_What to work on_:
Excluding images, repeat the data exactly as given.
[Opening Provided data section]
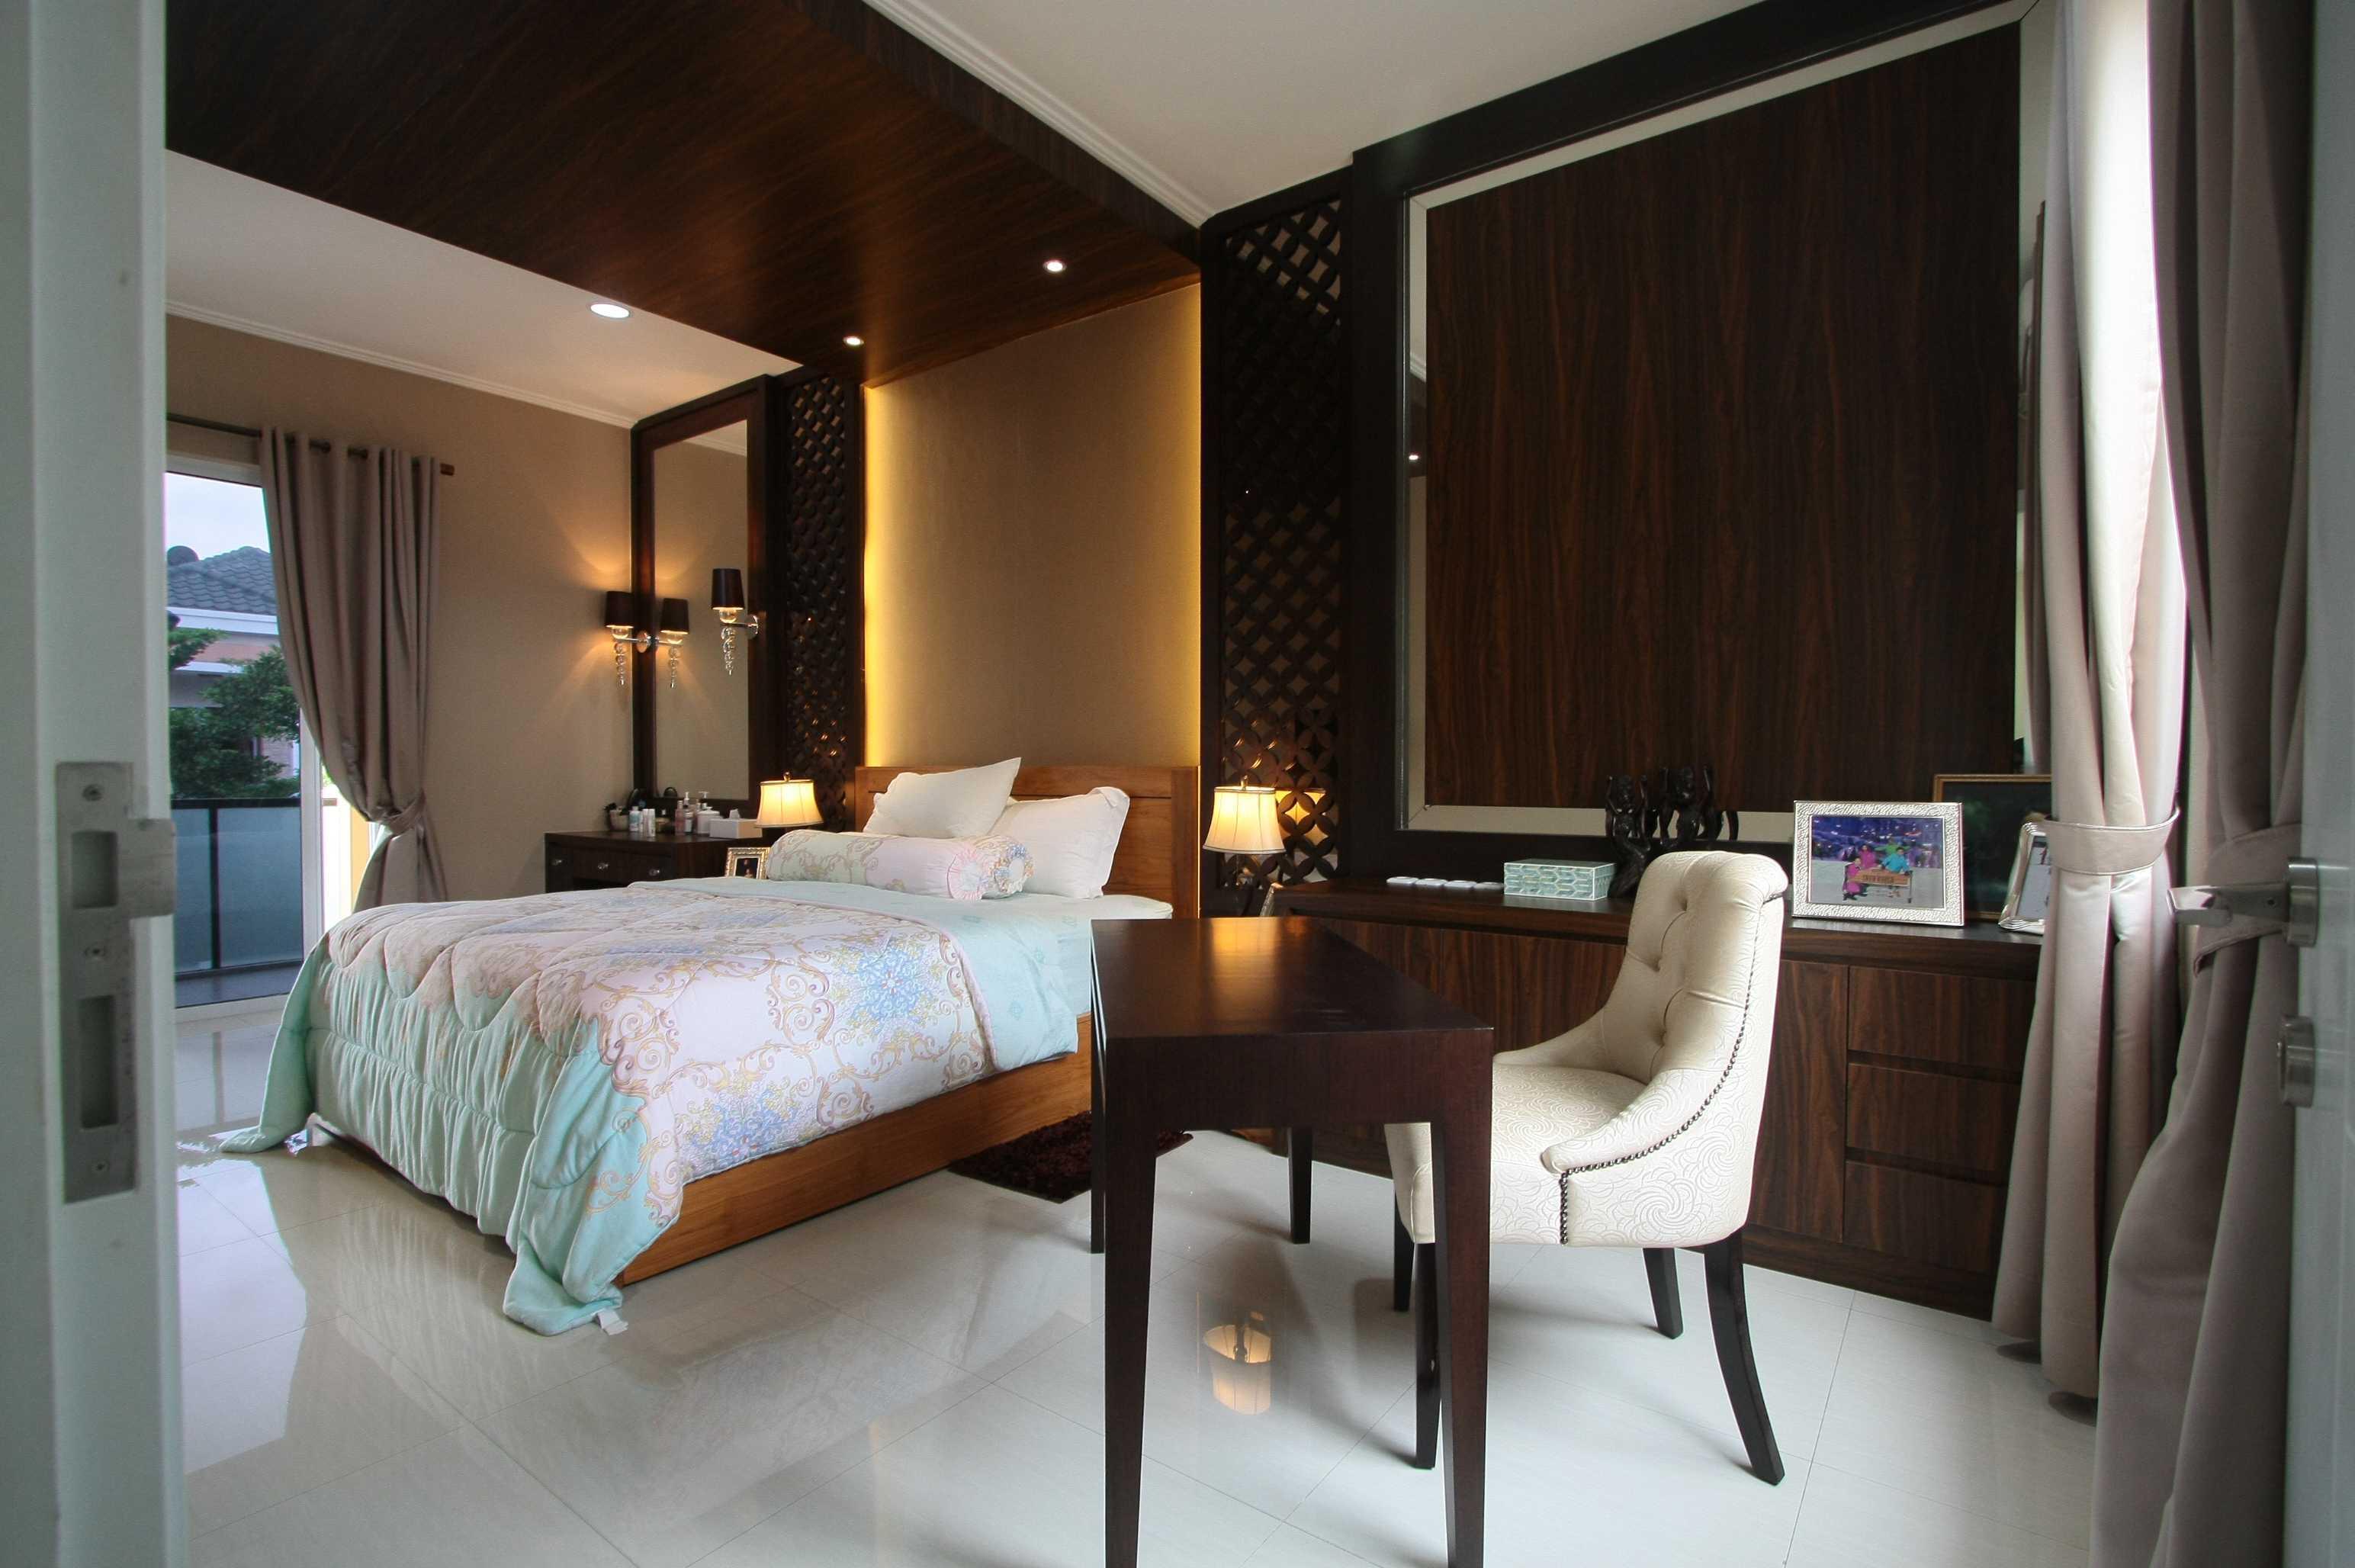 Exxo Interior Grand Galaxy Residence Bekasi Bekasi Master Bedroom   28114
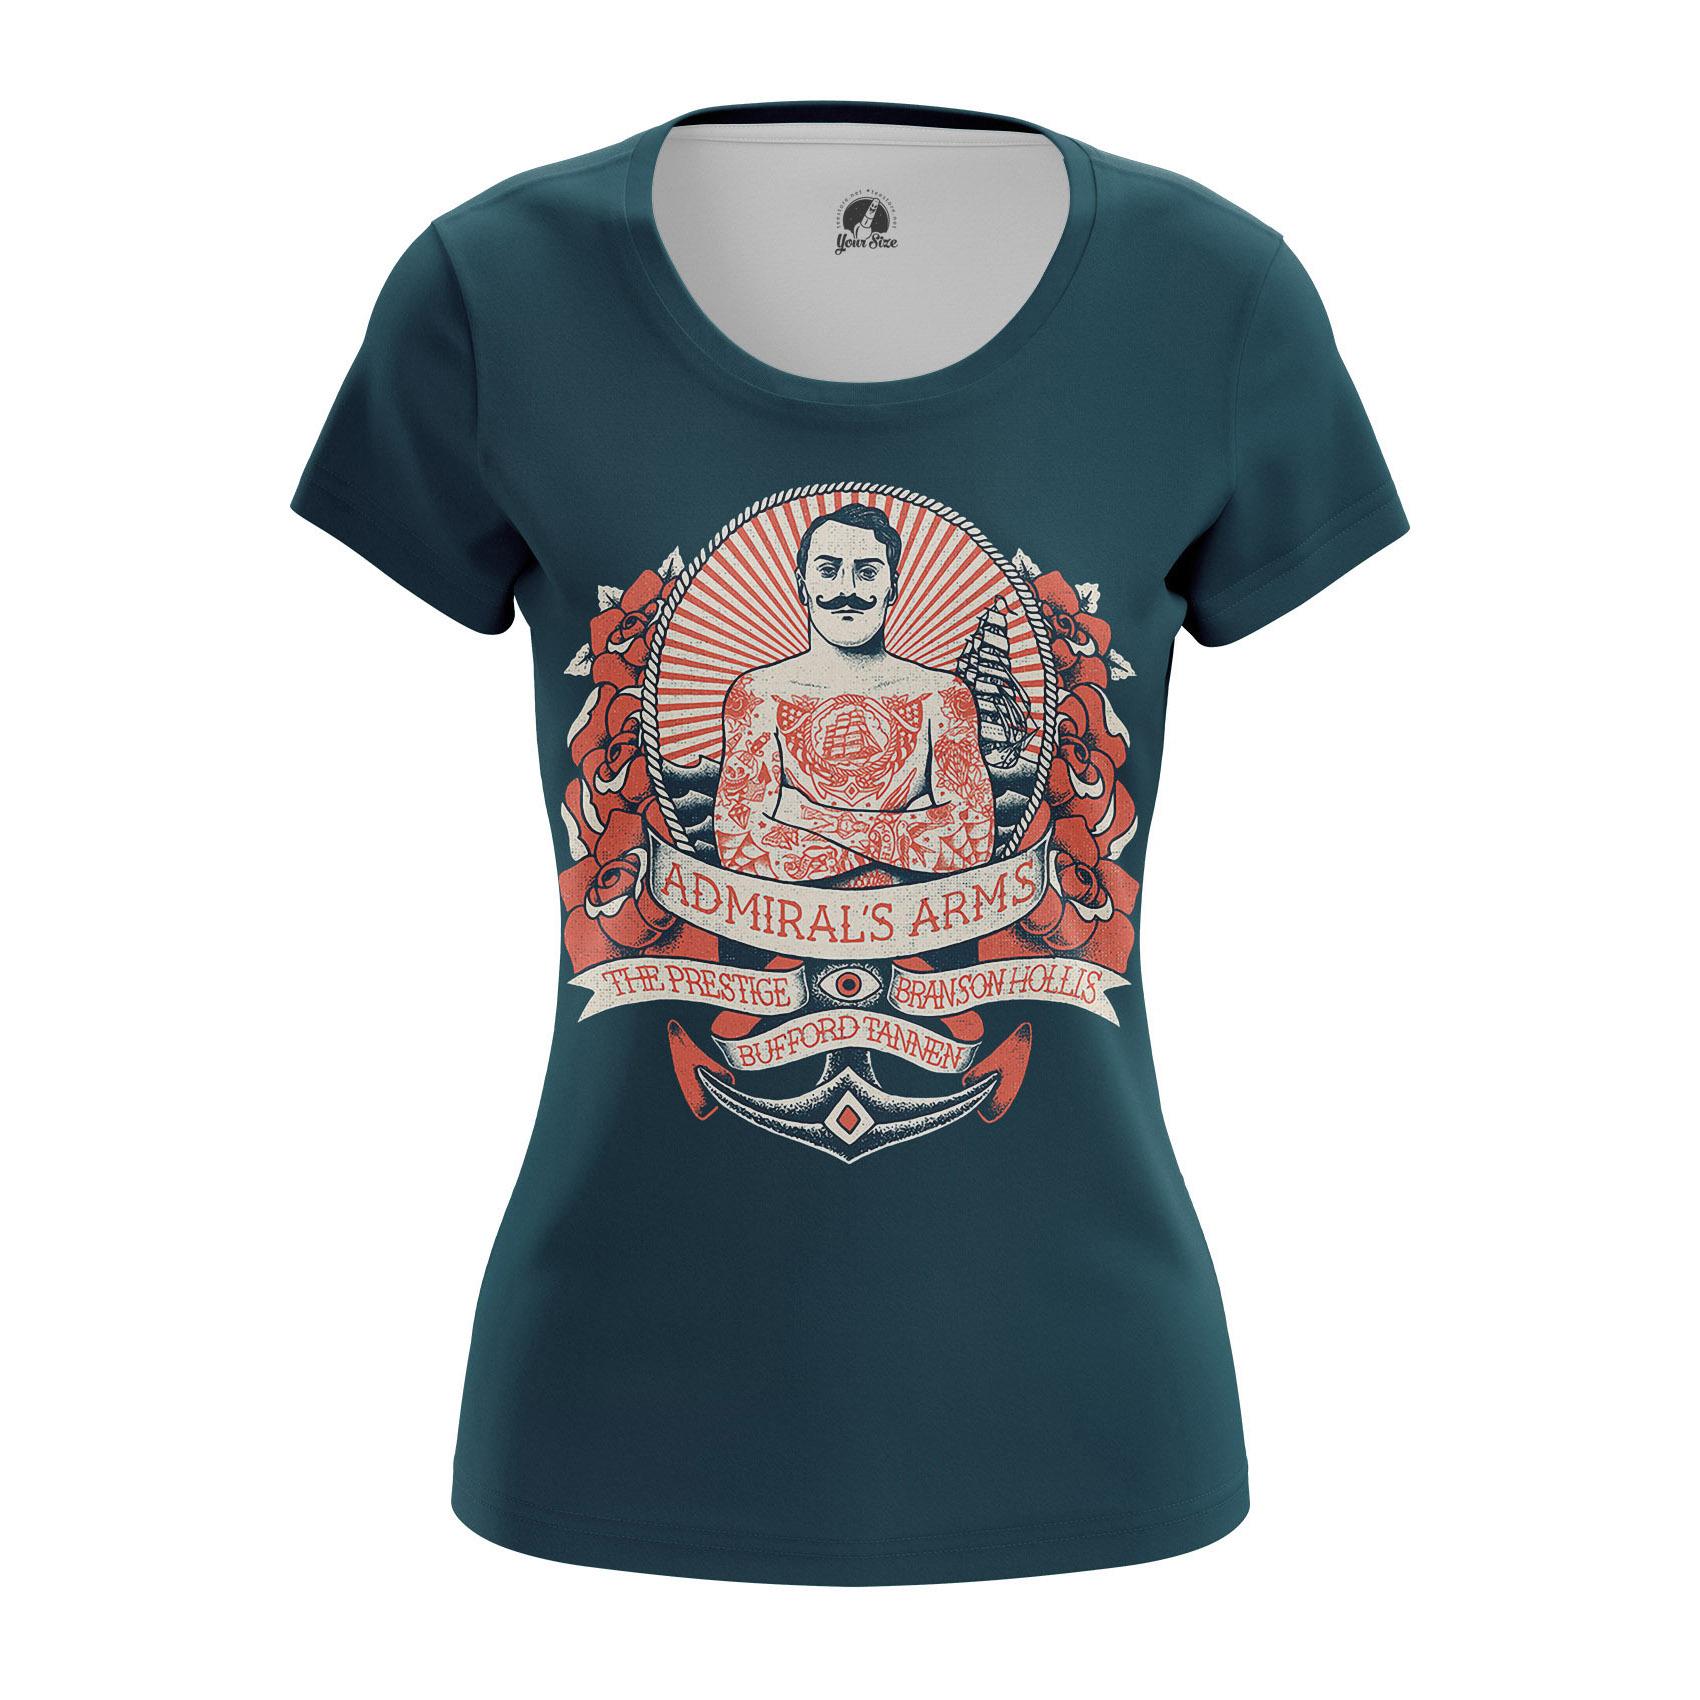 Collectibles Women'S T-Shirt Admirals Arms
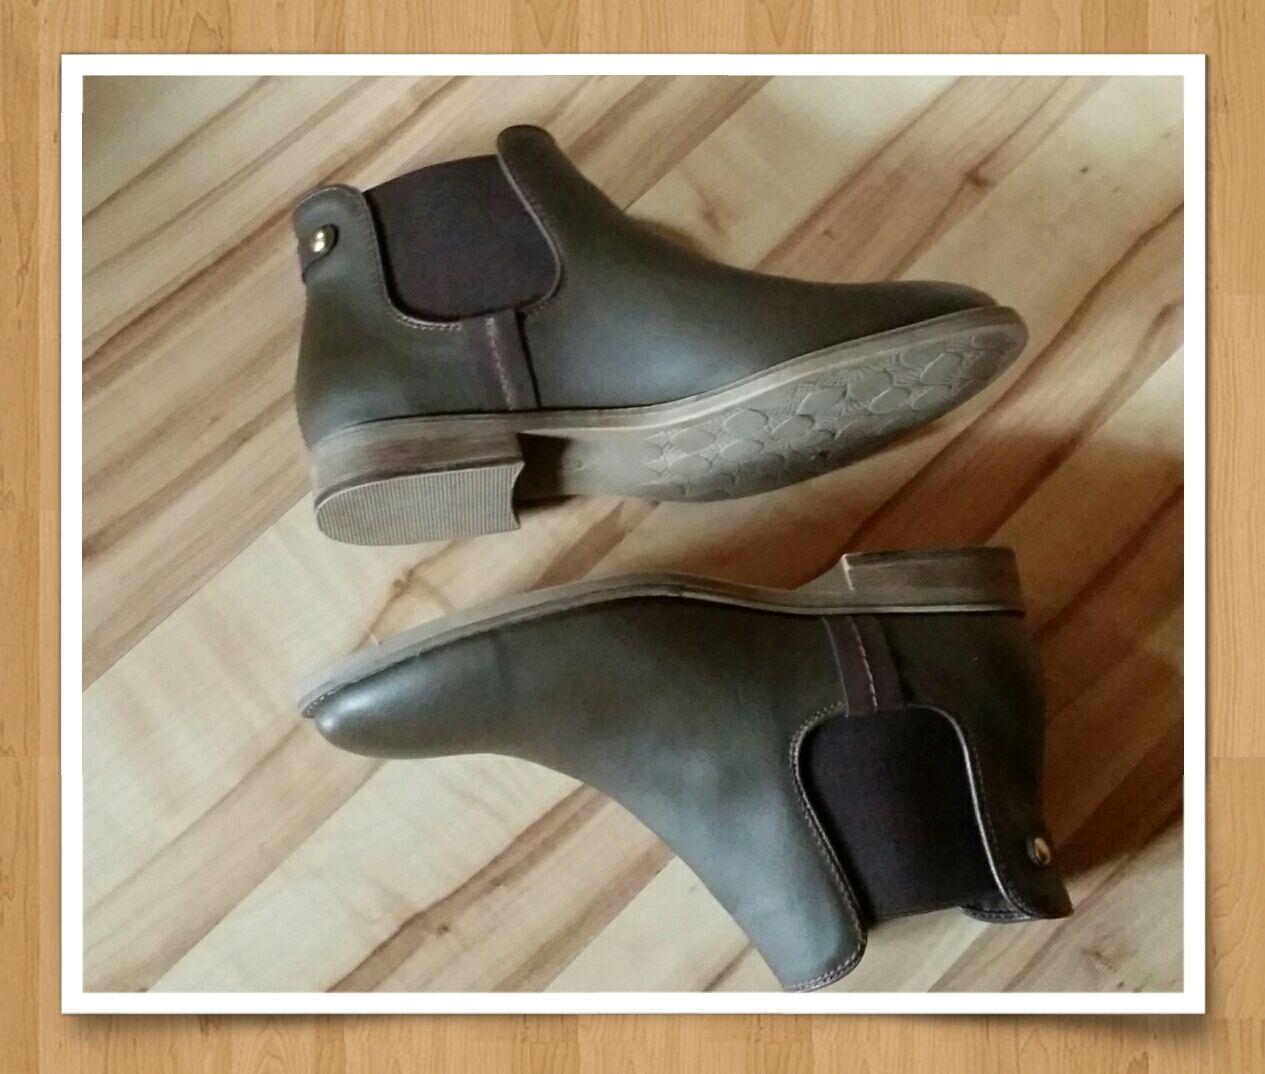 50% Sale At Deichmann | Boots, Shoes
[Closing Provided data section]
_Your response_:
 Exxo Interior Grand Galaxy Residence Bekasi Bekasi Master Bedroom   28114
 Collectibles Women'S T-Shirt Admirals Arms
 50% Sale At Deichmann | Boots, Shoes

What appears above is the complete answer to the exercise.